Em seguida, entre os traços coloridos que simbolizam a fauna e flora brasileira, duas representações de Peri chegam ao palco: o solista não indígena Marcello Vannucci (ou Enrique Bravo, no primeiro elenco) e o ator David Vera Popygua Ju. O ator em cena estranha o outro corpo que ali se estabelece, propondo questionar quem seria aquele representado e contado inicialmente no livro.
Cibele Forjaz conta que a escolha do duplo se justifica, pois “ao invés da gente fantasiar o cantor lírico de indígena, o que chamamos de red face, o ator contemporâneo o acompanha em todos os atos, sendo ele o verdadeiro, o Eté, em guarani”.

Outros sentidos possíveis
Como escreve Ailton Krenak no libreto desta mostra, o que norteou a montagem cênica foi o pensamento e o corpo indígena, questionando Peri, “aquele sujeito solitário, imerso numa realidade colonial”. “Nós decidimos dar a ele uma família: o povo de Peri seriam os Guarani do Jaraguá”, escreve Krenak. “A ópera não seria apenas mais uma experiência estético-musical, mas um dispositivo de mudança na realidade histórica para os povos indígenas”, completa.

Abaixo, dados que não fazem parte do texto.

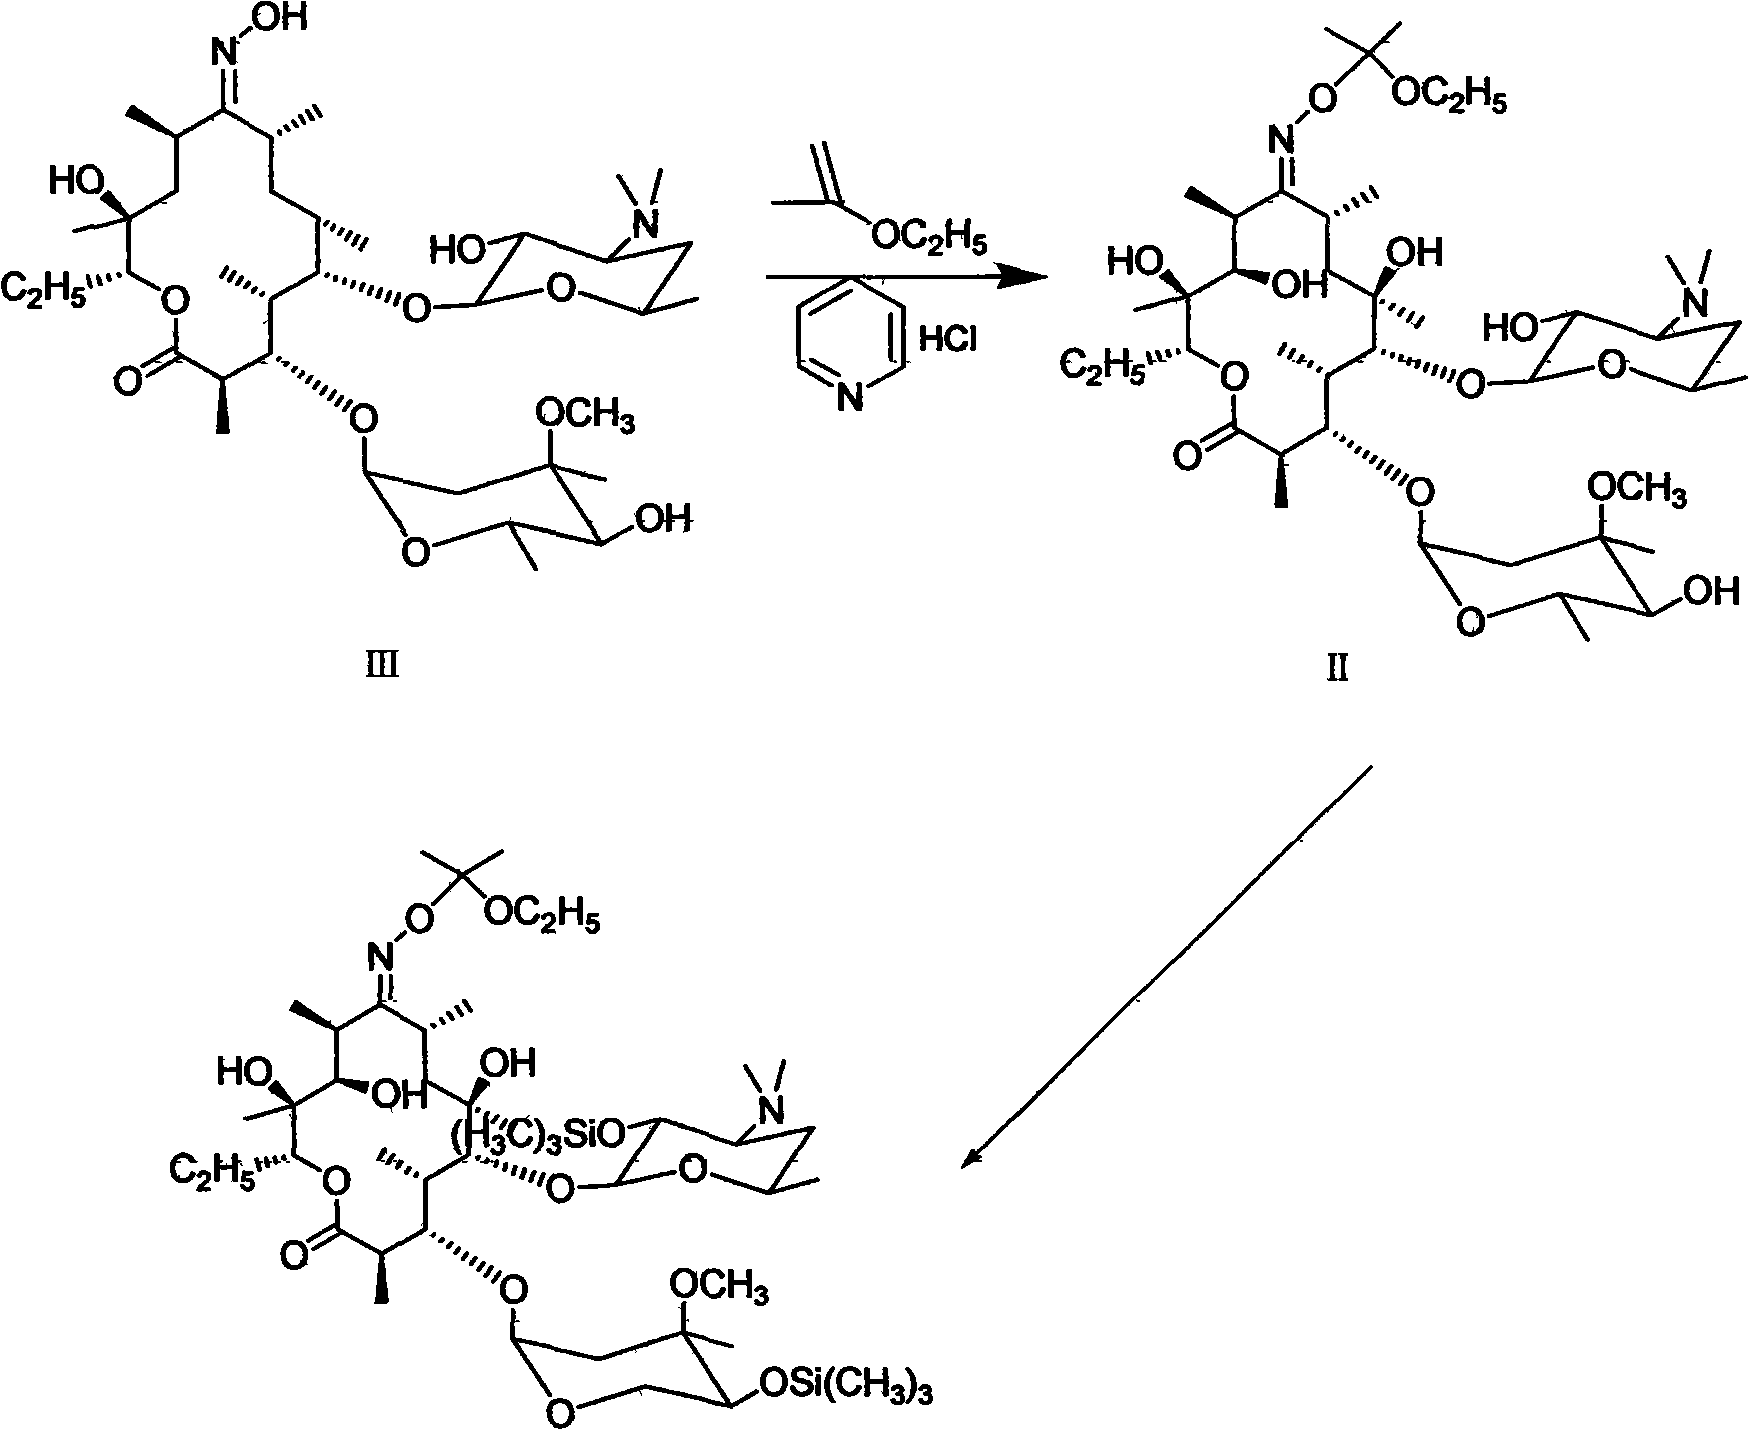 Silanization reaction catalyst

A ópera foi originalmente composta pelo músico brasileiro Carlos Gomes 20 anos após a publicação do livro homônimo, marcando a cena da primeira fase do Romantismo no Brasil. Segundo Forjaz, um contexto artístico que “tenta inventar a origem da história de um país e mascara as relações de violência instituída nessa suposta cordialidade, definindo que o indígena bom seria aquele convertido à fé cristã. Tudo isso encomendado pelo imperador Dom Pedro II”.
Pelas contradições históricas e políticas entre o período que foi produzido e o momento atual, a professora defende que “a remontagem não é um ataque à obra original, mas uma possibilidade de sobrevivência da ópera e é cabível que nós, pessoas deste tempo, façamos isso, é o que toda arte viva faz”. “Por isso, se ofende ter guaranis no Guarani, no fundo, é uma expressão do racismo estrutural na nossa sociedade”, critica.
Assim como na literatura, as cenas da ópera são divididas em quatro atos, que descrevem o cenário da floresta brasileira, narram o resgate de Ceci de um ataque de onças e culminam na invasão à casa de Dom Antônio, pai da jovem portuguesa, pelos Aimorés, um povo visto como inimigo na trama.
Há dois momentos em que os instrumentos clássicos presentes na ópera são substituídos pela rabeca, violão e chocalho. No primeiro ato, eles recitam a música-jogo Xe’ko Xondaro. Num segundo, eles pedem por justiça enquanto cantam a memória de Sepé Tiaraju. Entre faixas e cartazes, os indígenas questionam o que seria o homem civilizado. Em seguida, em meio a um cântico, cobram pela demarcação das terras indígenas.
Zahỳ Tentehar faz a interpretação da Onça Pajé, centrada entre um grupo de onças encenadas. “Numa espécie de força da natureza que se vinga pelos milhares de indígenas e mulheres indígenas assassinadas, estupradas e roubadas de suas culturas pelos colonizadores”, diz Forjaz. “Podemos pensar também como um rito de canibalismo guerreiro, em que há anexação dos elementos do inimigo, como uma cultura antropofágica e híbrida, como são as contradições postas na cultura brasileira”, acrescenta.
As apresentações contam com intérpretes de Libras e audiodescritores, proporcionando ao público com deficiência auditiva e visual a participação na imersão que as cenas sugerem.
“Esta é a minha primeira vez no Theatro e também a primeira vez que assisto a uma ópera. Gostei bastante e é uma experiência mágica ver tantos indígenas nesse lugar ainda visto como elitizado. Saio daqui refletindo sobre o quanto essas apresentações precisam ainda mais serem acessíveis às pessoas surdas”, contou Alan Sousa, em entrevista realizada em Libras pela reportagem. Ele esteve acompanhado da sua esposa Vânia Carla, que também é uma pessoa com deficiência auditiva.